New Jersey is West of What Exactly?
21.00The great conference realignment that college athletics has been undergoing over the last five or six years, triggered first by the ACC raid on the Big East and most recently by the Big Ten's decision to expand to twelve, has led to some interesting geographic permutations. A legacy of earlier conference shuffling left the WAC stretching from Hawai'i to that decidedly western state of Louisiana, home of Louisiana Tech. Similarly, the Sun Belt includes those noted warm weather locales of Denver and Bowling Green, Kentucky (OK, Kentucky is a southern state but Denver?).
However, some of the latest conference memberships really stretch the idea of geography to its limits. With TCU's move from the Mountain West (you've seen the mountains in Ft. Worth right) to the Big East, we're now supposed to believe that Texas is in the east. However, no school more represents the absurdity of certain conference memberships, and how far removed we are from the days when conferences represented regional associations, than the relatively new Division I Great West Conference.

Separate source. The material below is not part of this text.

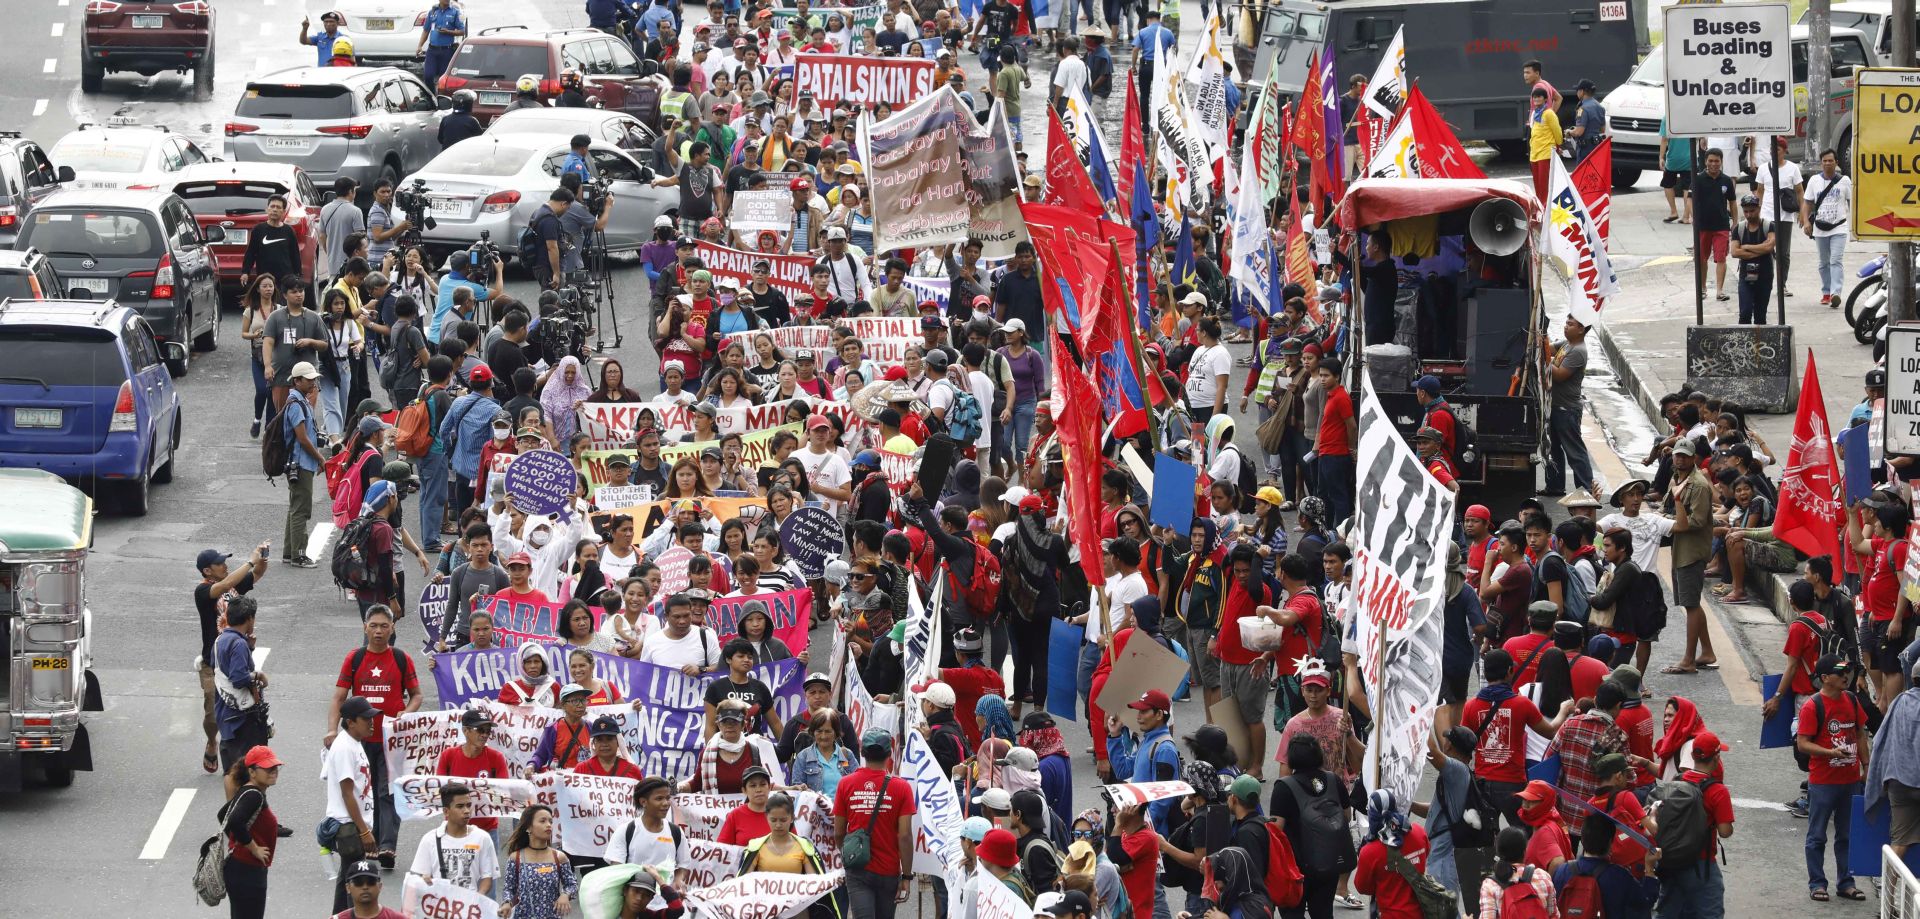 epa06905604 Protesters critical of Philippine President Rodrigo Duterte hold a rally on a road leading to the Philippine Congress in Quezon City, east of Manila, Philippines, 23 July 2018. Philippine President Rodrigo Duterte is expected to deliver his third State of the Nation Address (SONA) at the Philippine Congress on 23 July, amidst demonstrations in the streets by both his supporters and critics.  EPA/ROLEX DELA PENA

The Great West is basically a collection of schools around the country who recently upgraded their programs to Division I and consists of schools located in California, Texas, Utah, the Dakotas, Chicago and New Jersey. It began life as a football conference and now has ten members, three of whom are football only members. All of the schools have relatively small athletic department budgets which are strained by the travel costs associated with playing in a conference that is not only this spread-out but also includes several cities not regularly served by nonstop airline routes. It's college athletics' version of the high school losers table, and until one of the cool kids takes pity on them, the member schools are stuck with each other, absurd travel costs and all. Such is the price of admission to the pot of gold associated with March Madness.